Amazon S3 (Simple Storage Service) provides a simple Web services interface that can be used to store and retrieve any amount of data, at any time, from anywhere on the Web. It provides a discoverable WSDL document describing service operations that can be implemented using RESTful HTML as well as SOAP RPC interfaces. In this experiment, we have attempted to describe its basic functionality using a subset of the available services. Basic executable SOA business models were created based on assumptions made from information provided by online Amazon AWS documents. The Amazon S3 Web Service is just one piece of entire Amazon AWS SOA structure.
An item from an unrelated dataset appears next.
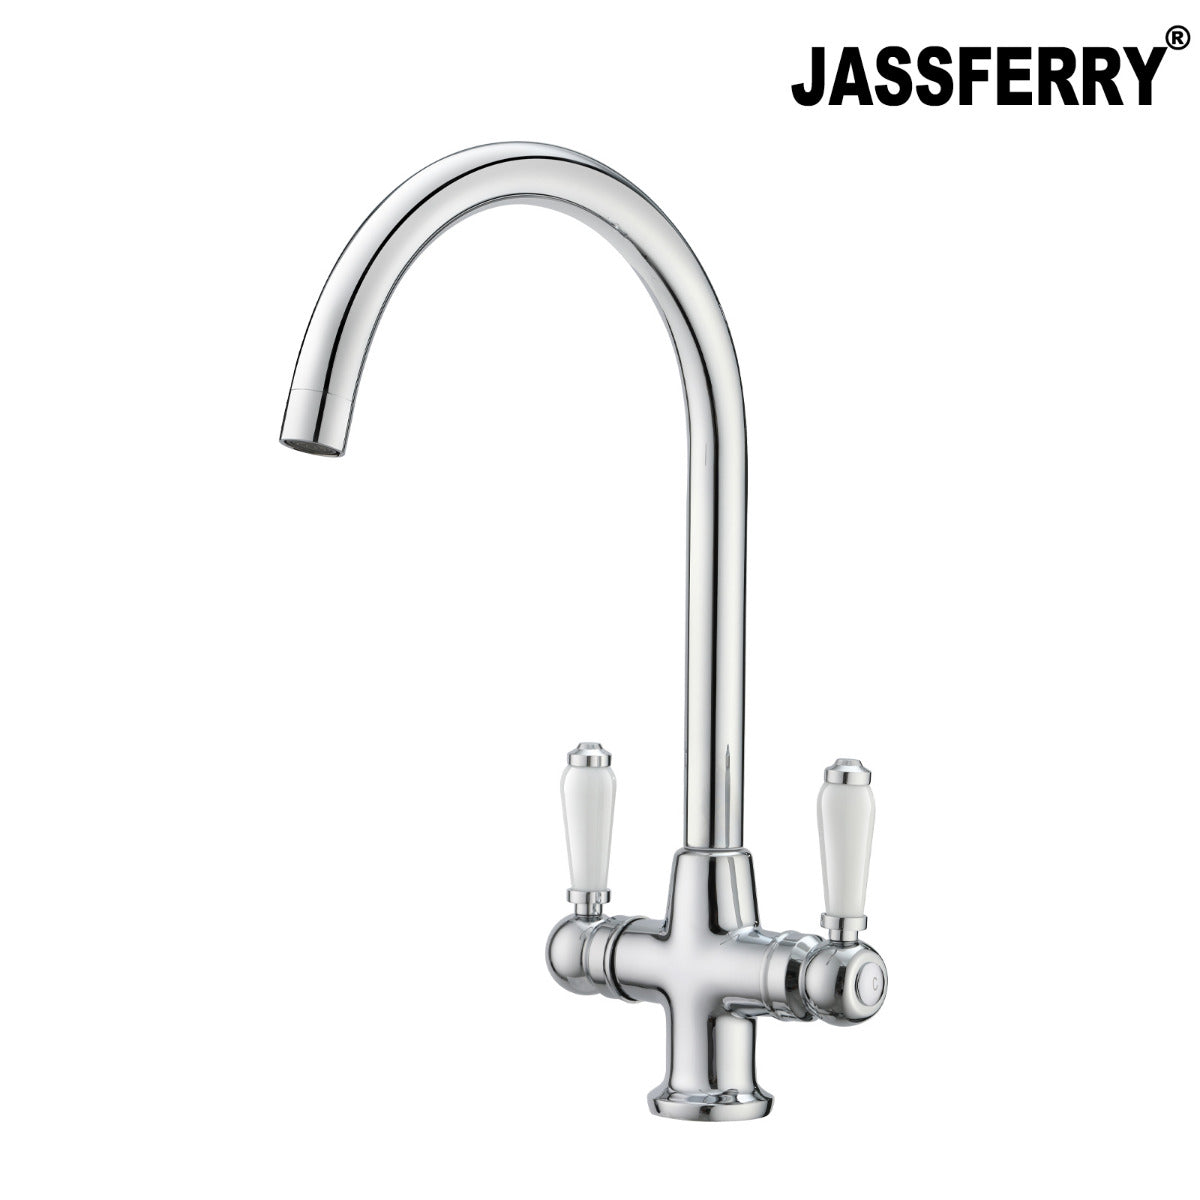 JassferryJASSFERRY Chrome Dual Flow Kitchen Sink Mixer Tap Ceramic Handle Twin LeverKitchen taps
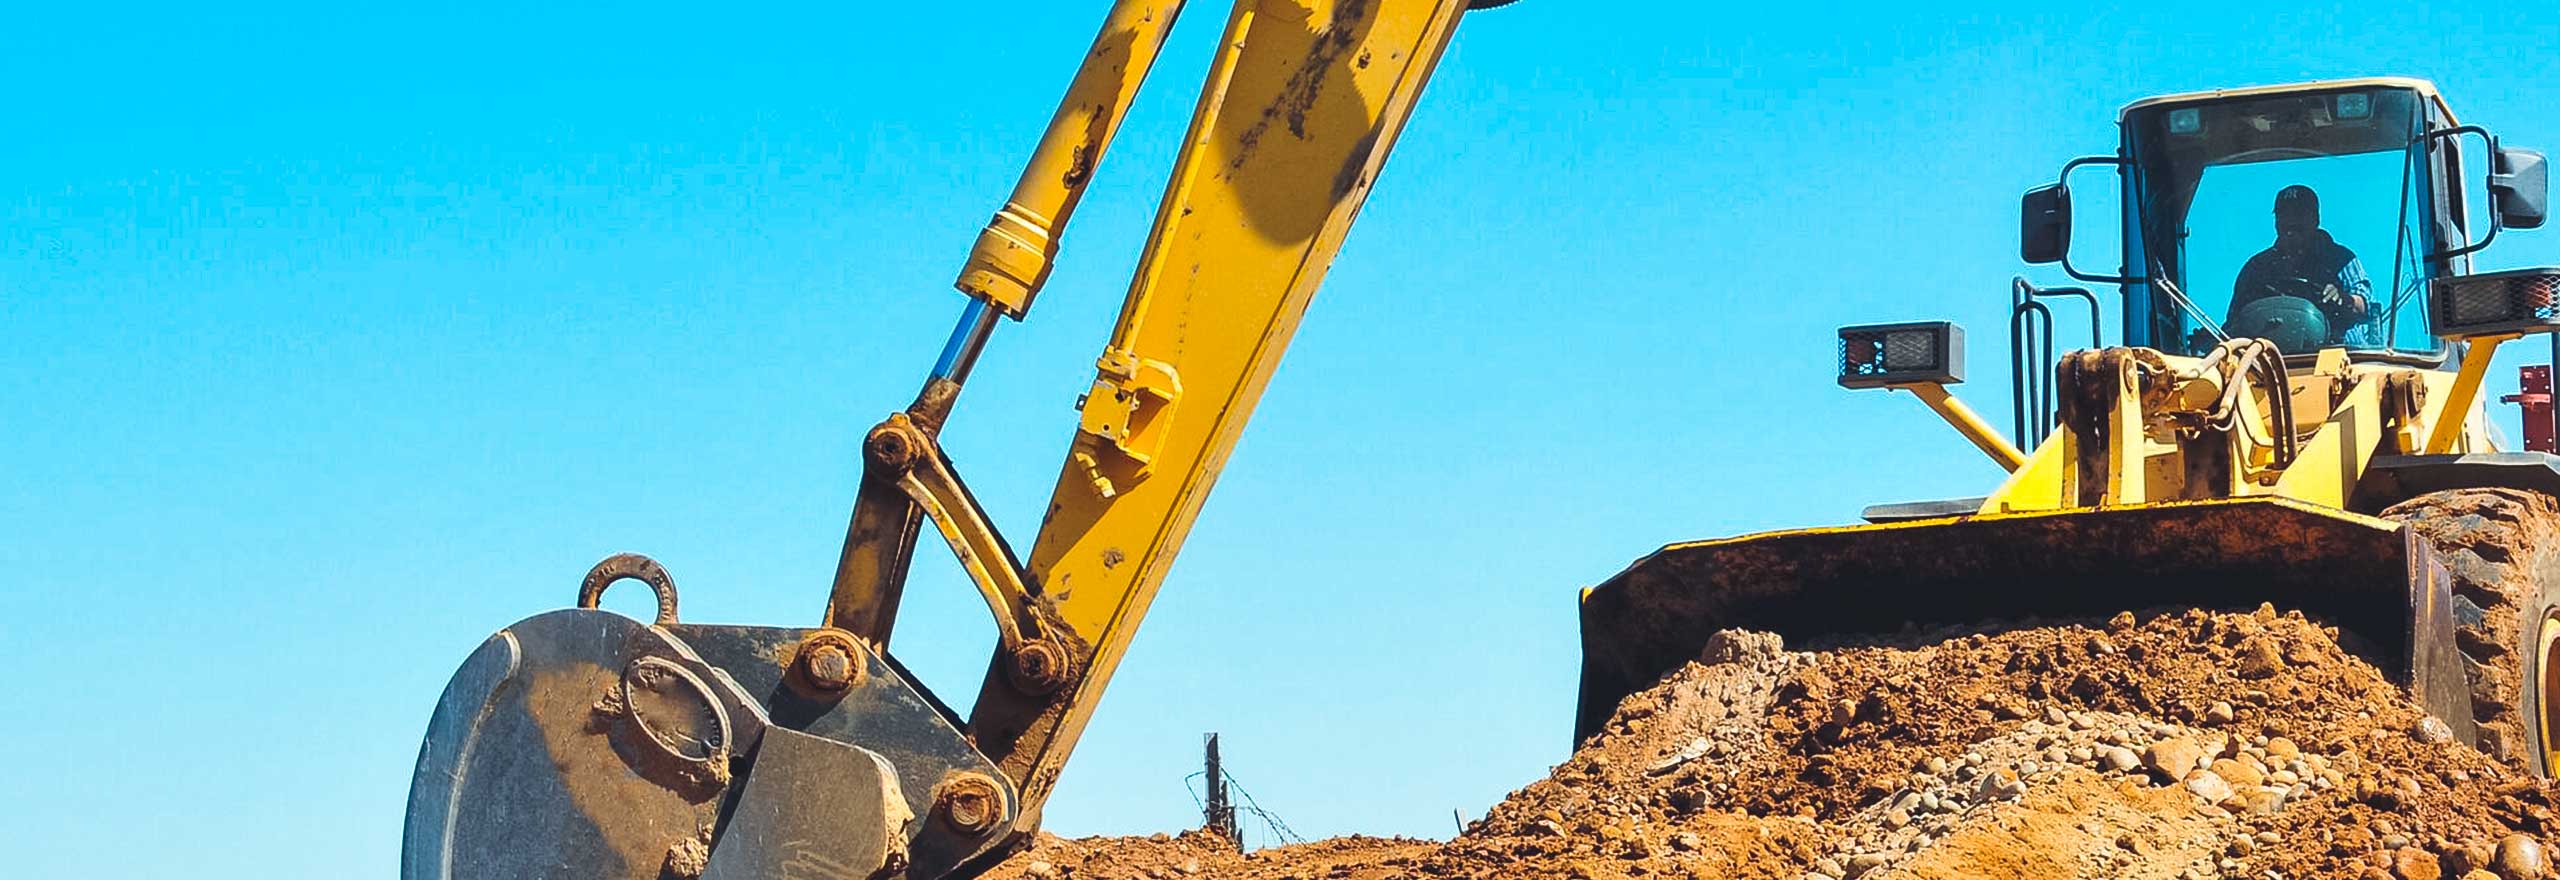 Équipement de construction creusant sur un site

Other than discoverability, none of the SOA Design concepts can really be applied to the Amazon S3 service on its own. Some of the AWS business services are identified as follows (EC2 2012 [41–42]):

  • Amazon S3 (Simple Storage Service) provides a simple Web services interface that can be used to store and retrieve any amount of data, at any time, from anywhere on the Web.

  • Amazon EC2 (Elastic Compute Cloud) is a Web service that provides resizable compute capacity in the cloud.

  • Amazon CloudFront is a Web service for content delivery. It integrates with other Amazon Web Services to give developers and businesses an easy way to distribute content to end users with low latency, high data transfer speeds and no commitments.

  • Amazon Route 53 is a highly available and scalable DNS service designed to give developers and businesses an extremely reliable and cost-effective way to route end users to Internet applications.

  • Amazon RDS (Relational Database Service) is a Web service that makes it easy to set up, operate and scale a relational database in the cloud.

  • Amazon SimpleDB (Simple Database Service) is a Web service providing the core database functions of data indexing and querying in the cloud.

  • Amazon SQS (Simple Queue Service) is a reliable, highly scalable, hosted queue for storing messages as they travel between computers.

  • Amazon SNS (Simple Notification Service) is a Web service that makes it easy to set up, operate and send notifications from the cloud.

  • Amazon Elastic MapReduce is a Web service that enables businesses, researchers, data analysts and developers to easily and cost-effectively process vast amounts of data.

These services have been considered as a whole to meet the multiple SOA Design criteria by being business-driven, enterprise-centric, loosely coupled, discoverable, stateless and flexibly contractable, and they promote vendor neutrality. The services are provided by Amazon but they can be accessed by any language running on virtually any platform. They are highly scalable and the pricing structure is set up on a cost-per-use basis. Services can be scaled almost instantly when needed and reduced just as fast providing the best of both worlds for businesses, on-demand access without the associated overhead and the delay that would otherwise be required for local on-site implementation. Figure 6.11 shows a bar chart of 100 business processes, out of which we have discovered about 20 BPaaS processes, which is about 20 %.

Fig. 6.11
figure 11

Amazon BPaaS requirements

This is an interesting outcome for our research, in particular, how many BPaaS requirements that can be extracted to evaluate business process service exclusively. BPaaS has a growing strength in making cloud a success with respect to business as a service.

7 Conclusion

Cloud computing is emerging rapidly with increasing demand for service-oriented computing and associated technologies. This is the right time to explore what works better and what doesn’t work for cloud environment. Therefore, the proposed model helps to understand how it should be developed to avoid classical issues related to software development projects. We believe the proposed model will help us to develop cloud applications systematically. This project has explored some of the process described using Amazon EC2 case study, and we have discovered that there are 20 % of the service requirements that belong to BPaaS as it is a growing business entity for cloud services.